One of a group of characters intended for “national use”, it was designated as a “diacritical mark”, as observed above. ASCII evolved through a long series of committee fights over what ought to be included, with many different factions wanting their pet punctuation marks included in the limited space. The “diacriticals” were generally advanced by people wanting some ability to “build up” accented characters for non-English languages.
Once in the character set, of course, it becomes available for all sorts of unintended use by programmers who need to invent syntactic conventions in various contexts. In most (though not all) cases, the coding use came after the character, and was not the reason it was originally included. The poor innocent grave accent was just lying around on the keyboard when hijacked for command substitution in UNIX shells, for instance.

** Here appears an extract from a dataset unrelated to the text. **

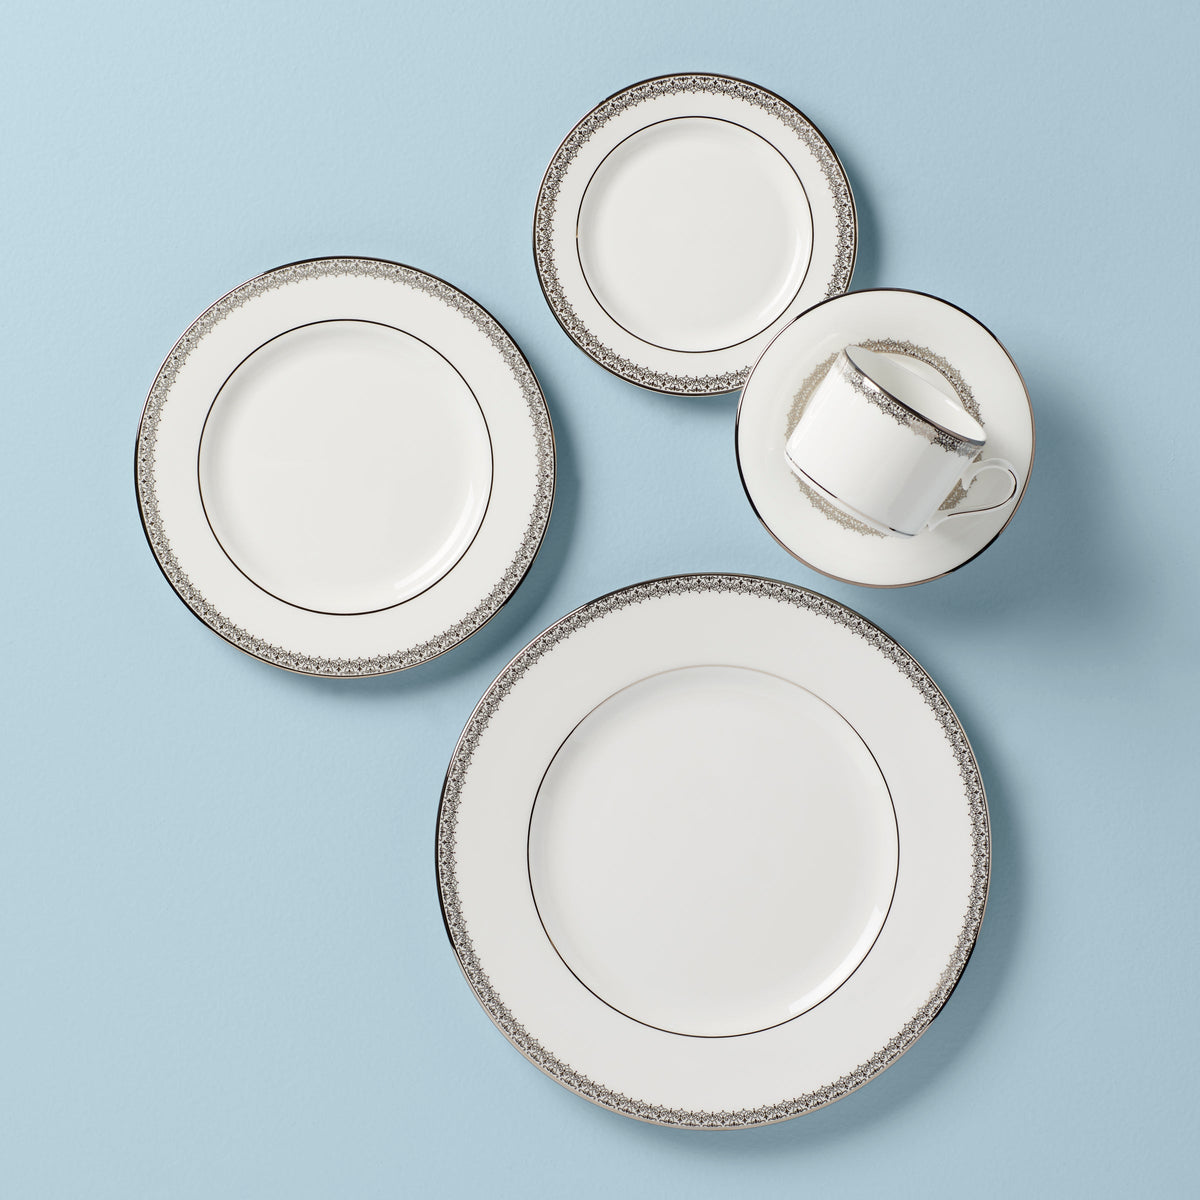 Lace Couture Dinnerware Collection – Lenox Corporation

I’ve always just called it the “single quote”.
And why are people questioning its inclusion on the QWERTY keyboard? Haven’t you ever typed a contraction before?
Yes, I’ve typed many contractions.
However, for each and every one of them I’ve used the mark found to the left of the Enter key rather than the very different mark we’re talking about here.
’ versus `
I hate it when people use these things for open quotes. As the staff report says, there are very few fonts for which they’re actually complementary to the apostrophes, and it just looks horrible. I say ``no thank you’’ to this practice.

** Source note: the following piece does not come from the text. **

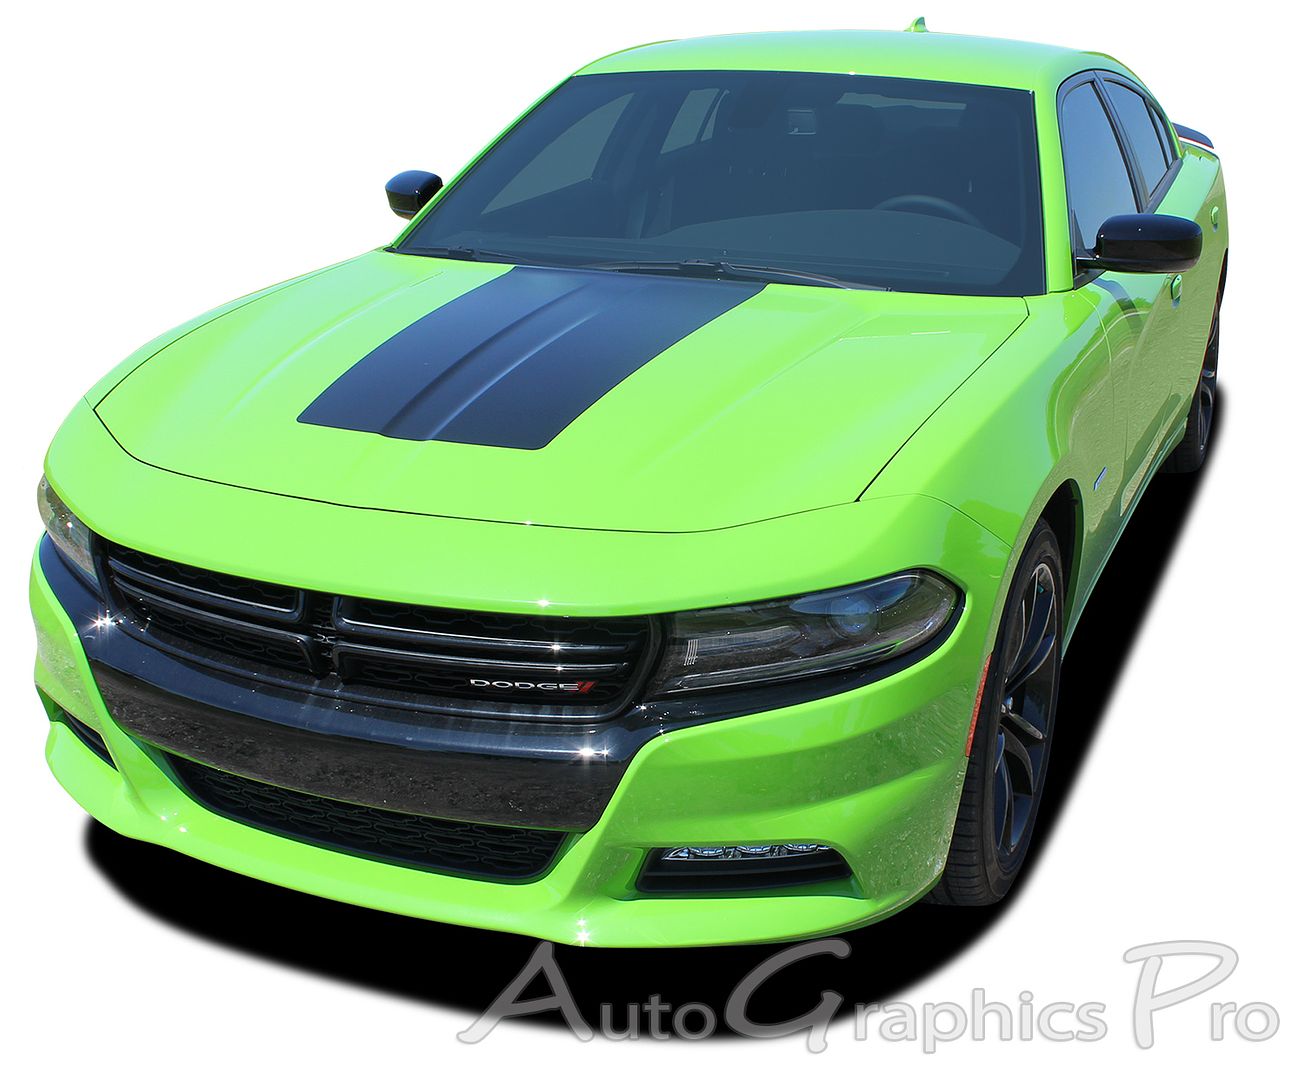 2015-2018 Dodge Charger Hood Blackout Rally Stripes Racing Graphics Decals

In MS Word, if you use Insert/Symbol, it will show you, at the bottom of the table from which you select the characters, the shortcut keys that will produce that character. And you can change the shortcut by using the “shortcut Key” button.
For à, the shortcut is “Ctrl `, a”; for á it’s “Ctrl ', a”, etc.
From Word you can cut and paste into your e-mail program.
I usually use WordPerfect instead of word, and I have set up a custom keyboard with the shortcuts the way I want them for accented letters.
When I use US-International, I always hit space after one of those keys to enter the mark itself. It’s probably a little faster than hitting it twice, but not as fast as you like.
True, it’s very often used that way by people who lack facility in typing extended ASCII or for use across different systems.
But in standard Arabic transliteration (e.g. that used by the Library of Congress, the Board of Geographic Names, the Middle East Journal, etc.), this letter is represented by a left-handed curly apostrophe. I’m gonna make it big so you can see the shape easier:
**‘**ayn
You get it with the Unicode number Alt 0145.
Its close relative is the right-handed curly apostrophe, used for the Arabic hamzah:
**’ **
And this is Unicode Alt 0146.
Don’t forget Hebrew, Amharic, and other Semitic languages have these signs too.
I use a lot of foreign languages and always need to type these extended ASCII characters. So I personally find it works much better to memorize the Unicode numbers for each one. That way I can just keep typing uninterrupted and don’t have to bother with opening up Character Map. I only open Character Map when I need to look up a new number, and then I commit it to memory.